“That is perfectly certain,” said my uncle. “There’s not a moment to be lost. We must divide and search in different directions, unless we can get some clue as to where they have gone.”
“There’s only the one path out of the garden,” cried the landlord, leading the way. “It opens out into this back lane, which leads up to the stables. The other end of the lane goes out into the side road.”
The bright yellow glare from a stable lantern cut a ring suddenly from the darkness, and an ostler came lounging out of the yard.
“Who’s that?” cried the landlord.
“It’s me, master! Bill Shields.”
“How long have you been there, Bill?”
“Well, master, I’ve been in an’ out of the stables this hour back. We can’t pack in another ‘orse, and there’s no use tryin’. I daren’t ’ardly give them their feed, for, if they was to thicken out just ever so little—”
“See here, Bill. Be careful how you answer, for a mistake may cost you your place. Have you seen any one pass down the lane?”
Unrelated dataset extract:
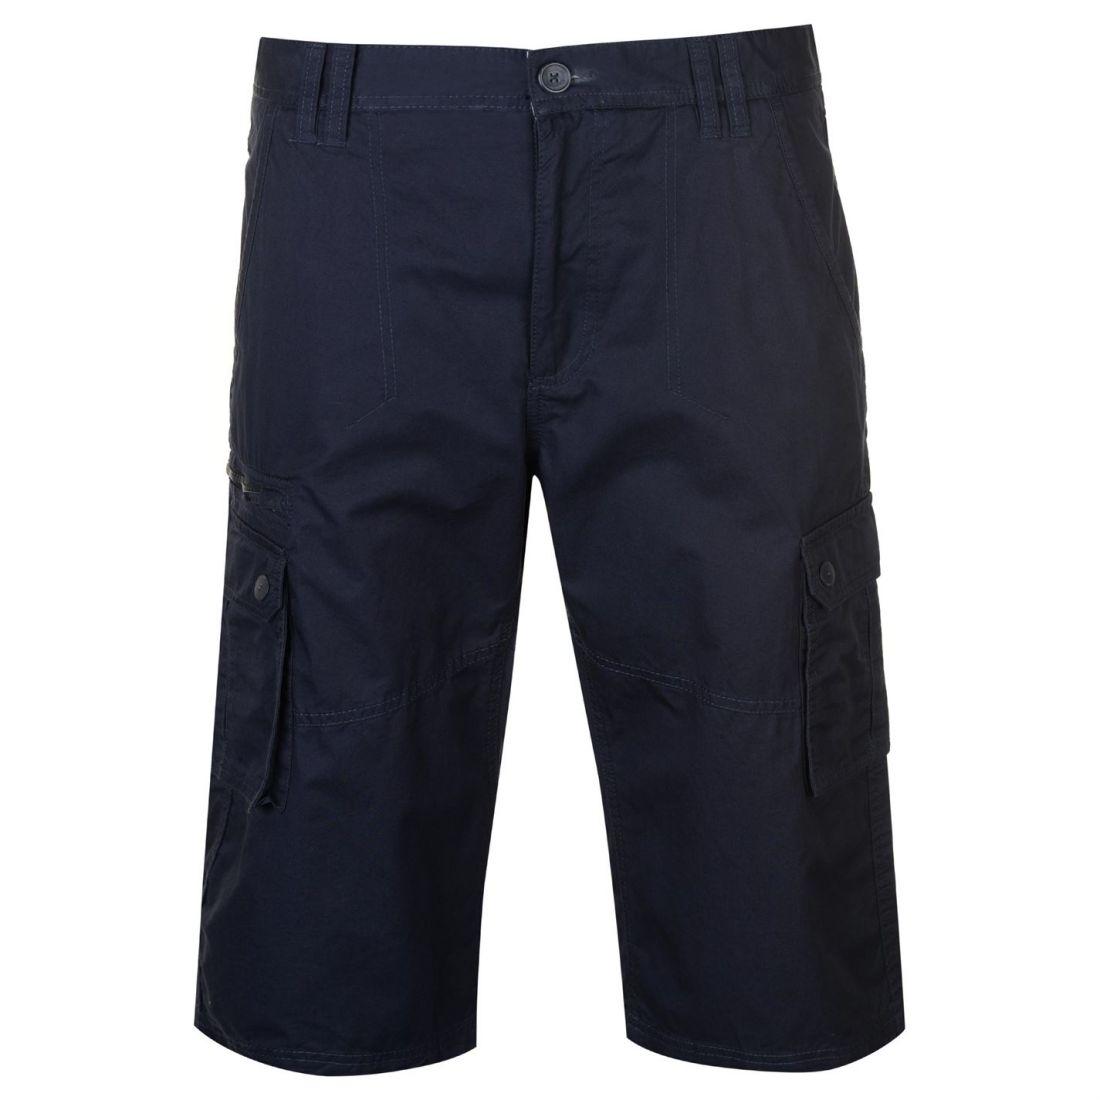 a57c21154024a Pierre Cardin C three quarter Wvn Sht Mens Gents Woven Shorts Pants ...

“There was a feller in a rabbit-skin cap some time ago. ’E was loiterin’ about until I asked ’im what ’is business was, for I didn’t care about the looks of ’im, or the way that ‘e was peepin’ in at the windows. I turned the stable lantern on to ’im, but ’e ducked ‘is face, an’ I could only swear to ’is red ’ead.”
I cast a quick glance at my uncle, and I saw that the shadow had deepened upon his face.
“What became of him?” he asked.
“‘E slouched away, sir, an’ I saw the last of ’im.”
“You’ve seen no one else? You didn’t, for example, see a woman and a man pass down the lane together?”
“No, sir.”
“Or hear anything unusual?”
“Why, now that you mention it, sir, I did ‘ear somethin’; but on a night like this, when all these London blades are in the village—”
“What was it, then?” cried my uncle, impatiently.
“Well, sir, it was a kind of a cry out yonder as if some one ’ad got ‘imself into trouble. I thought, maybe, two sparks were fightin’, and I took no partic’lar notice.”
“Where did it come from?”
“From the side road, yonder.”
“Was it distant?”
“No, sir; I should say it didn’t come from more’n two hundred yards.”
“A single cry?”
“Well, it was a kind of screech, sir, and then I ’eard somebody drivin’ very ’ard down the road. I remember thinking that it was strange that any one should be driving away from Crawley on a great night like this.”
My uncle seized the lantern from the fellow’s hand, and we all trooped behind him down the lane. At the further end the road cut it across at right angles. Down this my uncle hastened, but his search was not a long one, for the glaring light fell suddenly upon something which brought a groan to my lips and a bitter curse to those of Jem Belcher. Along the white surface of the dusty highway there was drawn a long smear of crimson, while beside this ominous stain there lay a murderous little pocket-bludgeon, such as Warr had described in the morning.